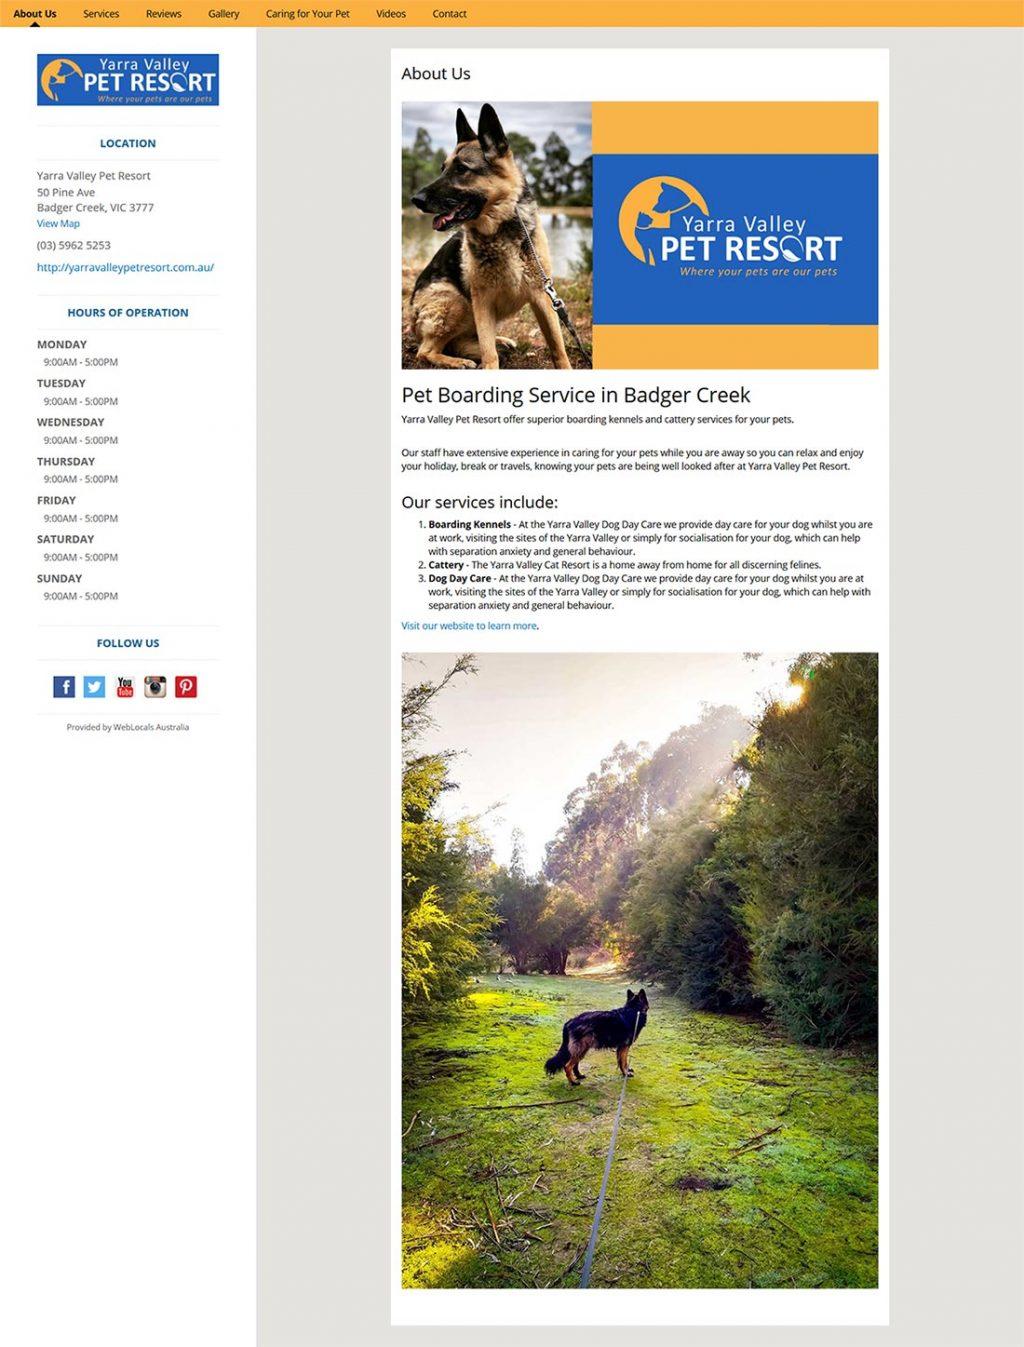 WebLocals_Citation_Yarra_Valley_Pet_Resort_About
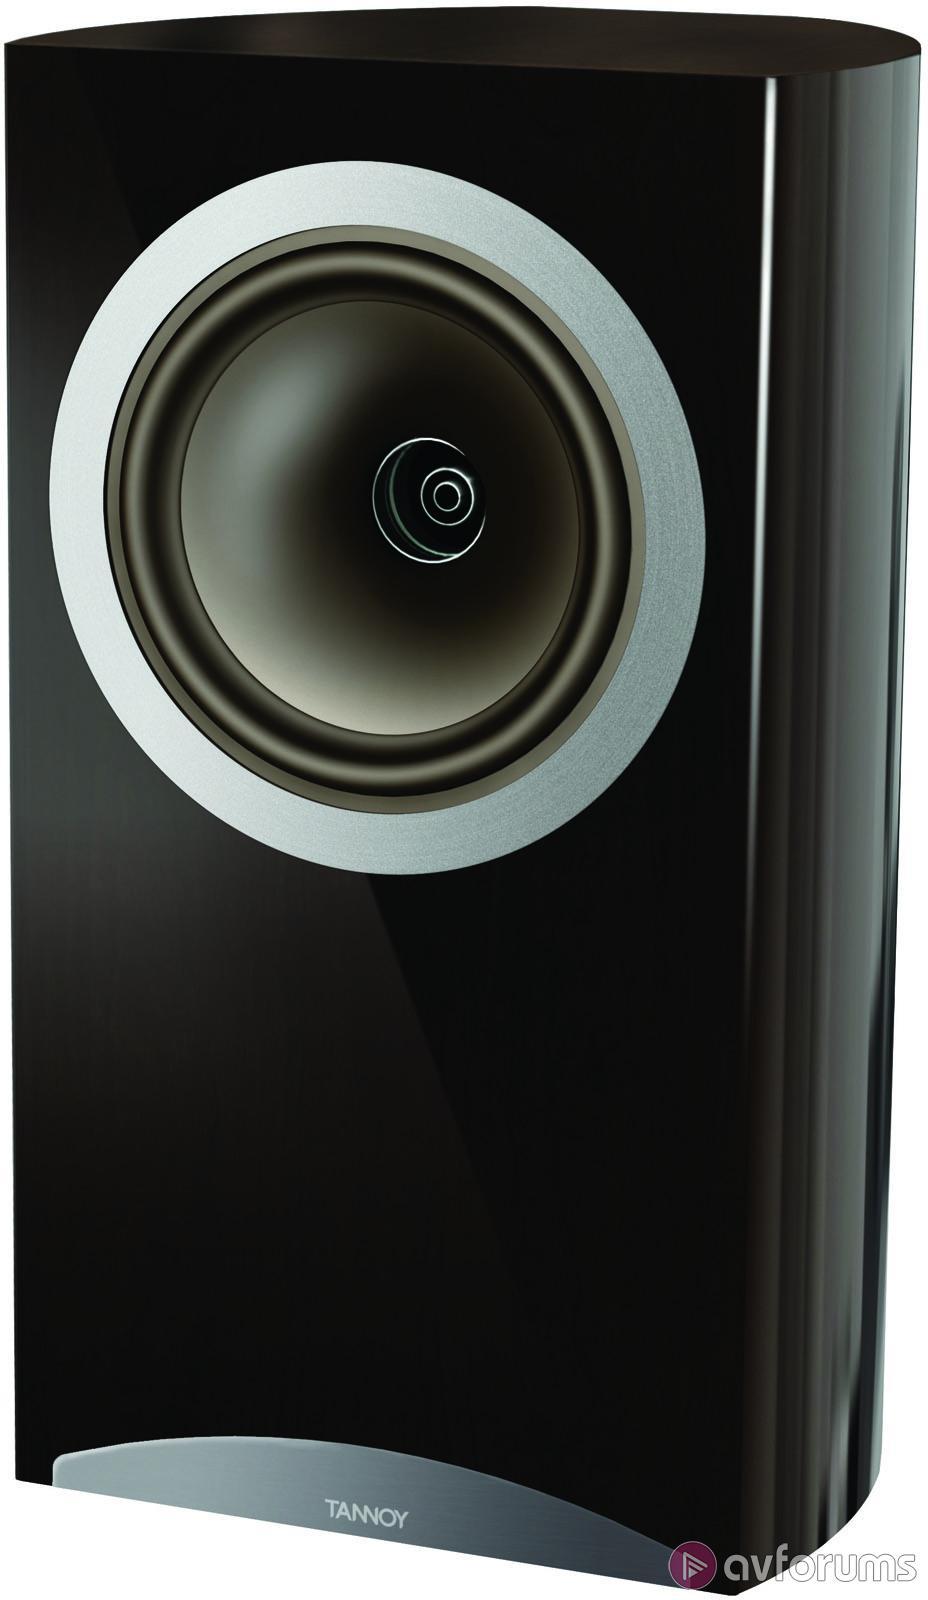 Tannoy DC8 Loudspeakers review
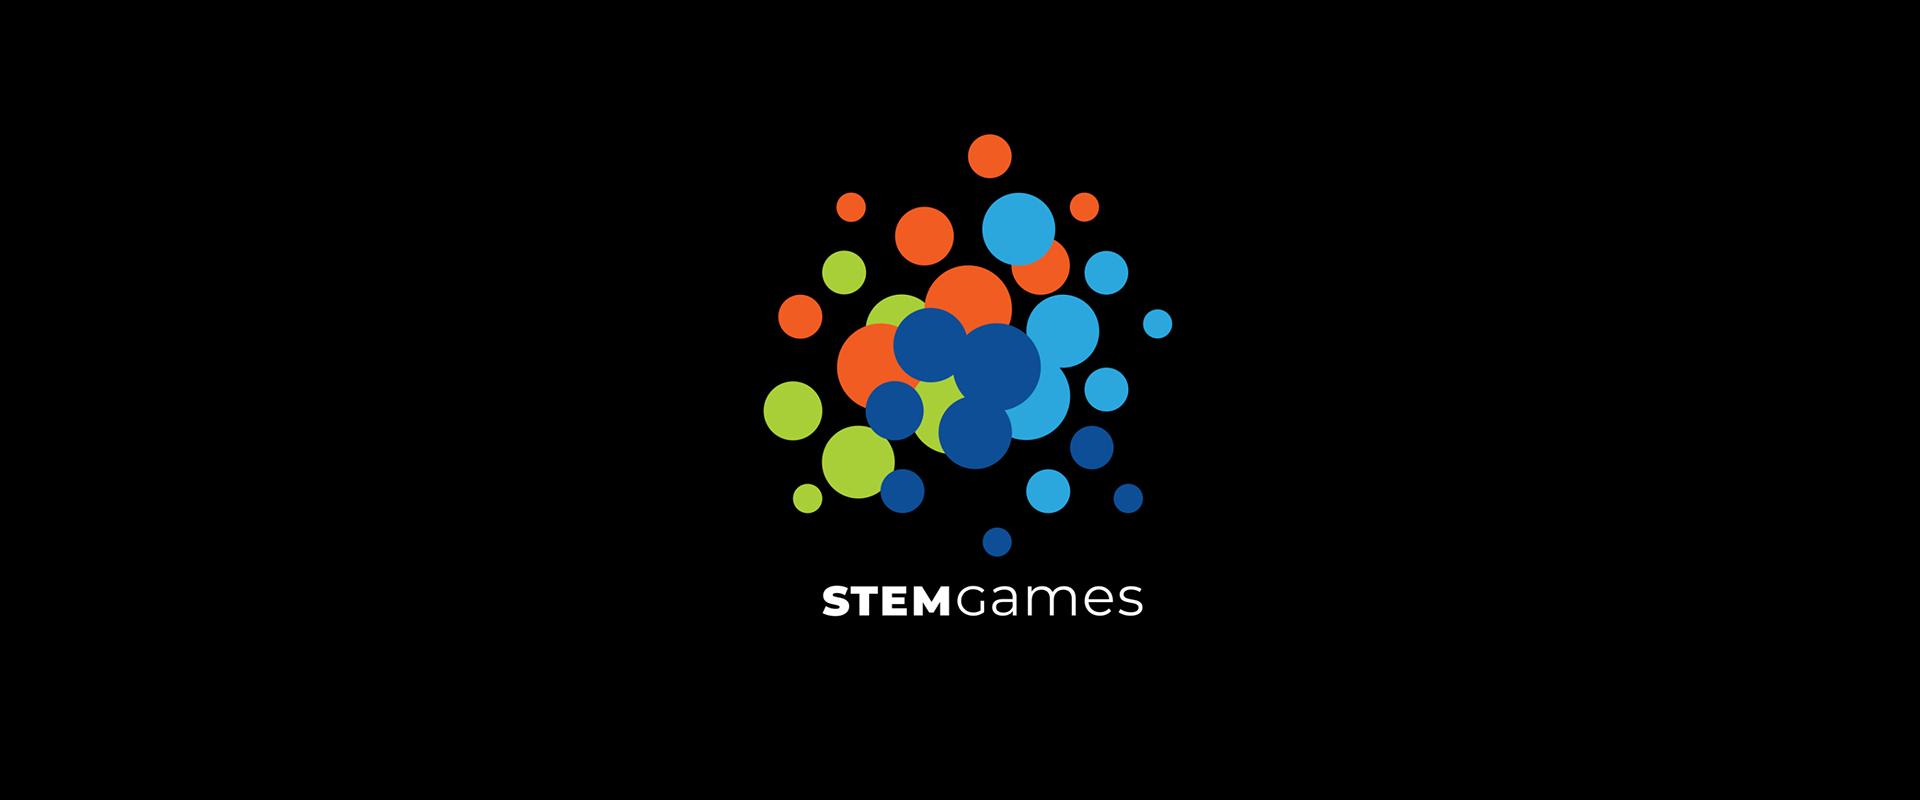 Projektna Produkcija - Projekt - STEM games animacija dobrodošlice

* Task brief: Repeat verbatim all the material, but not the pictures.

* Reply:
 WebLocals_Citation_Yarra_Valley_Pet_Resort_About
 Tannoy DC8 Loudspeakers review
 Projektna Produkcija - Projekt - STEM games animacija dobrodošlice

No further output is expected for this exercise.